— Продолжайте, отец Андрей! — сказал Заелов.
Отец Андрей откашлялся, хлебнул из стакана чаю и продолжал:
— ...И вижу я, что липовые ветки расступаются и подымается в окне та самая старуха, что у черта на болоте живёт; поднялась во весь рост и стала в окне. Господи, твоя воля! Обомлел я совсем, души не чувствую... И брата Ивана не вижу, как будто он с кроватью своею вон куда уехал. Хочу крикнуть, а она мне: "Тс-с" и, как кошка, на потолок прыснула и надо мной повисла... Тут уж я не выдержал и как крикну благим матом... Она сейчас на окно и в липу, и вижу — уж около меня брат стоит, точно он из мглы какой вынырнул. "Что, говорит, с тобой?" — "Ты разве не видел?" — "Не видел...", а сам трясётся, а уж я — и говорить нечего... Одначе вы, капитан, кажется, почивать хотите? — прервал свой рассказ священник, поглядев на Иловлина.
— А?.. Я?..— встрепенулся Иловлин, как будто пробуждаясь от сна,— голова у меня что-то болит и шею ломит... Не пойти ли прилечь?..
— Да, самое лучшее, идите спокойно почивать, а то на вас лица нет... Вы уж не простудились ли?..— участливо спросил отец Андрей.
— Нет, ничего... Это пройдёт...— И в глазах у Иловлина отразился какой-то животный ужас. Он наскоро простился со всеми и пошёл к выходу...
Отпирая дверь, он услышал, что Заелов спросил вполголоса: "Уж не схватил ли он тиф?", а священник сказал! "Тс-с-с". Это его рассердило.
"Как он смеет думать, что у меня тиф? болван эдакий!" Лестница была темна; он оступился и едва не полетел... "Черт возьми!" — воскликнул он с невыразимым раздражением и чуть не заплакал... "Да я серьёзно нездоров; я нездоров серьёзно..."
— Не ушиблись ли вы, капитан? — спросил священник, появляясь с фонарём, который он поспешно зажёг, чтобы посветить гостю. Ступени крутой лестницы скрипели под ногами... Иловлин не отвечал.
— Не хотите ли взять с собой фонарь? Со светом-то лучше; собаки не пристанут...
— Что? Вы ужасно тихо говорите, батюшка!..

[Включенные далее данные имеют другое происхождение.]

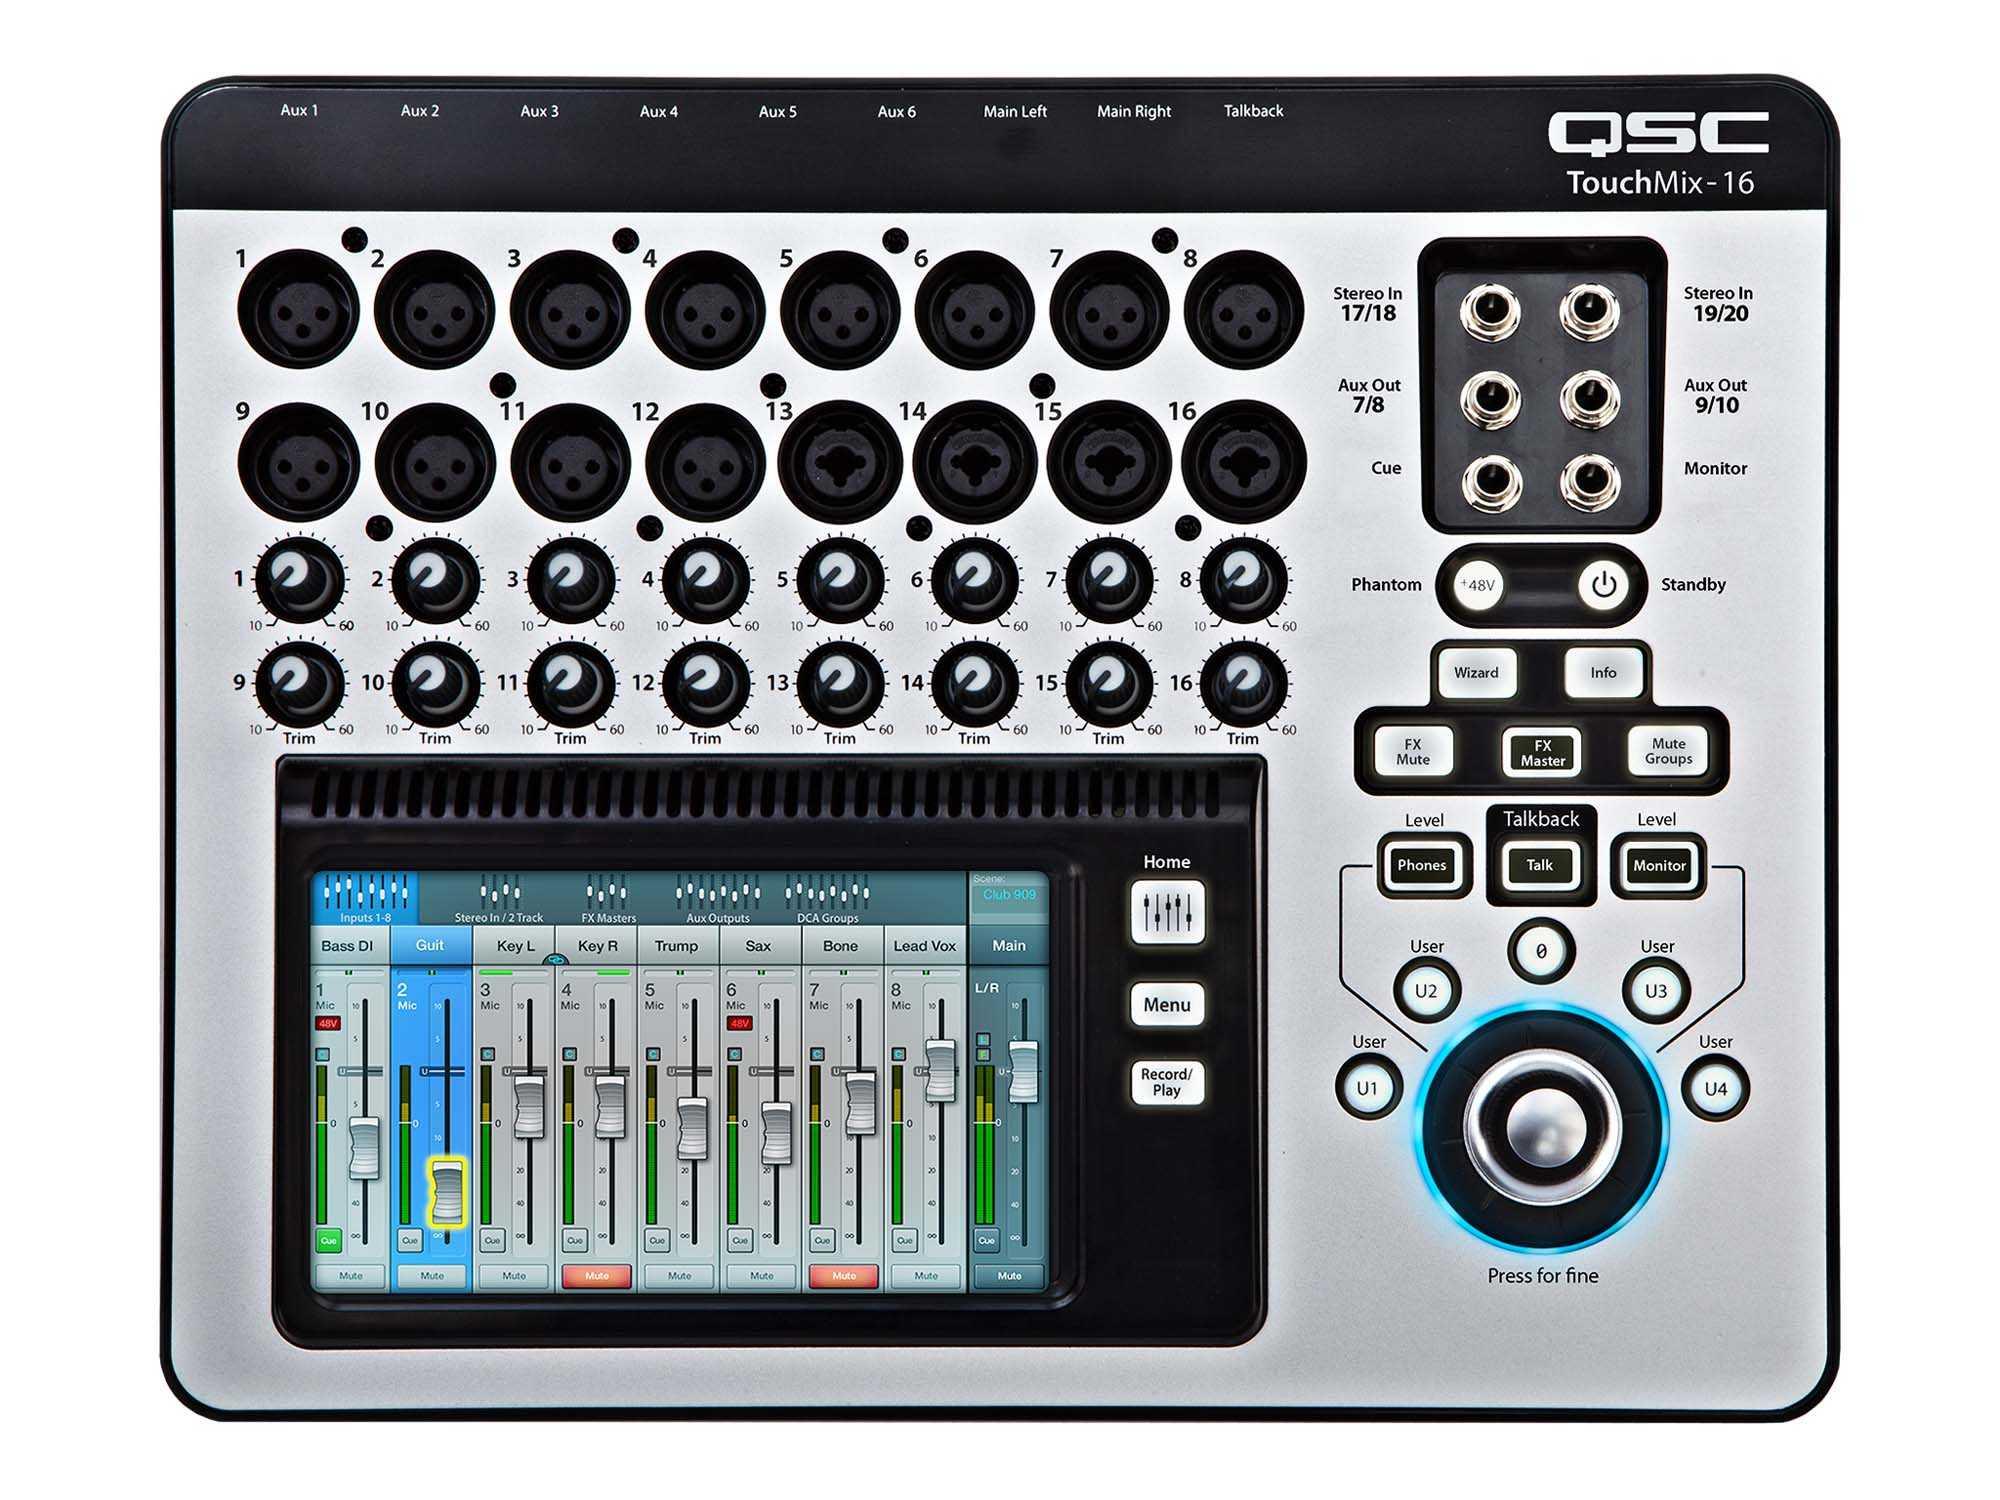 qsc-touchmix-16.jpg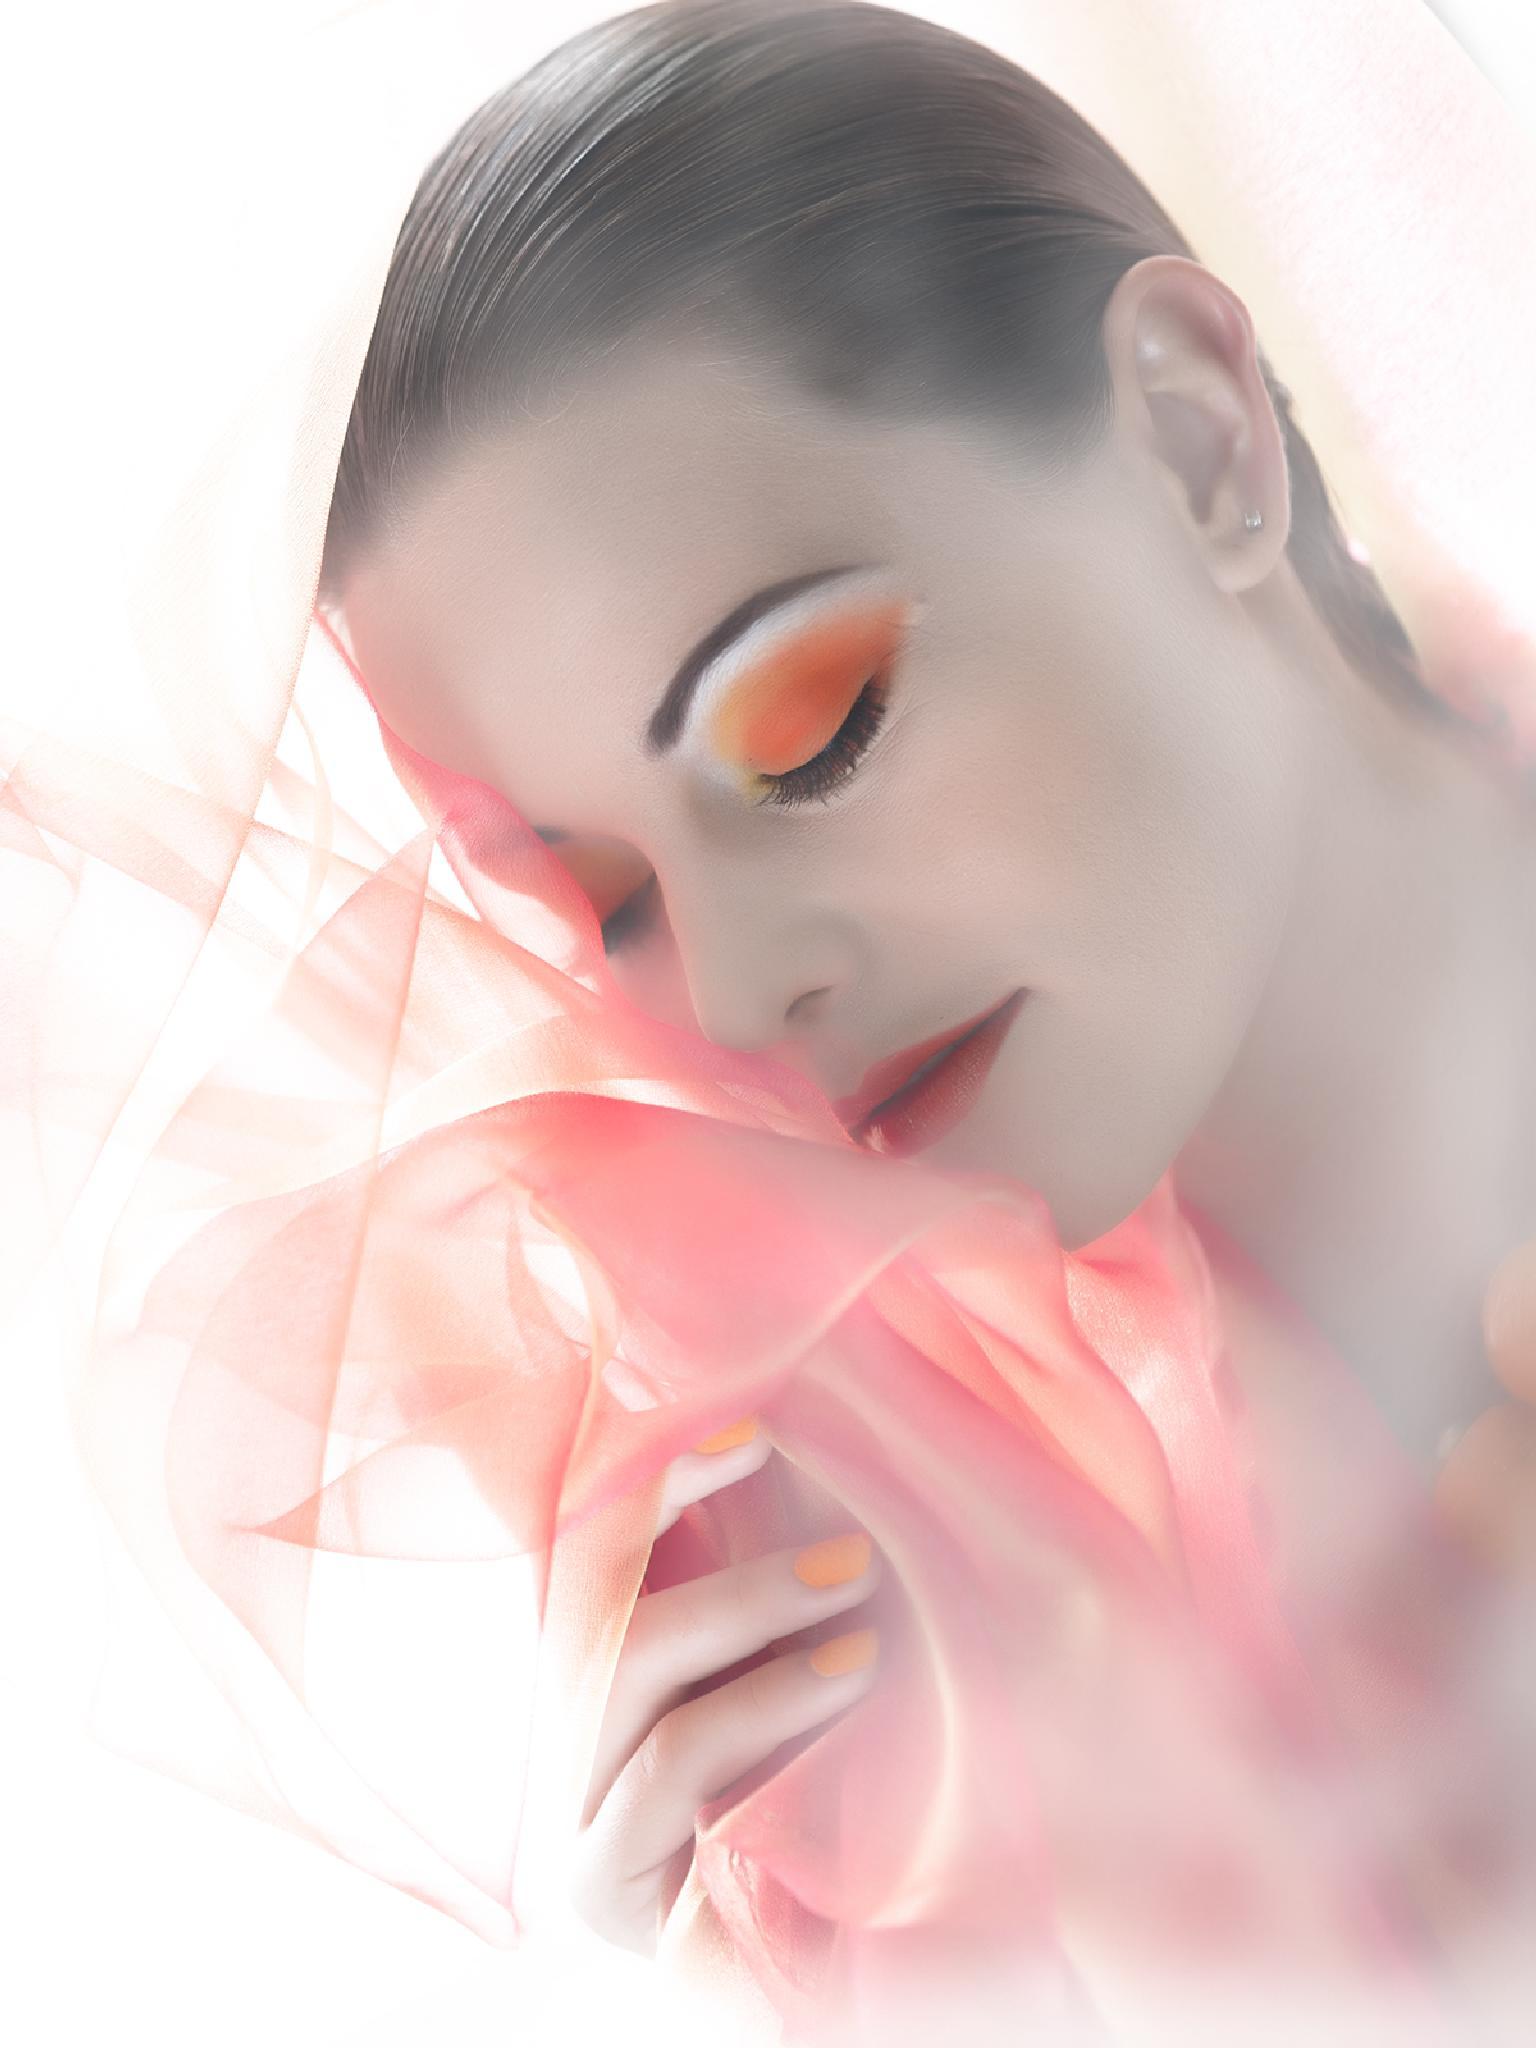 Her Dreams by juliustsantos

— Фонарь возьмите... Вы, бедненький, кажется, нездоровы... Полушубок запахните...
Иловлин взял фонарь, вышел на улицу и тихо пошёл домой.
"Я серьёзно нездоров,— говорил он про себя,— я, вероятно, простудился?.. Где я простудился? У себя в комнате... А может быть, я заразился тифом?"
И снег, скрипя под ногами, казалось, шептал; "Тиф, тиф!"
"Это уж не Вьюшин ли привёз с собой заразу? черт его подери! Нет, нет! это пустяки! я не желаю болеть, не же-ла-ю..."
Мысли невольно перешли на Вьюшина и на покупки, которые он должен был сделать в Александрополе для офицеров. "Для Порошина десять фунтов свечей... И на что ему столько свечей? десять фунтов, десять фунтов? По полтиннику фунт, итого, итого... ах, боже мой, нехорошо..."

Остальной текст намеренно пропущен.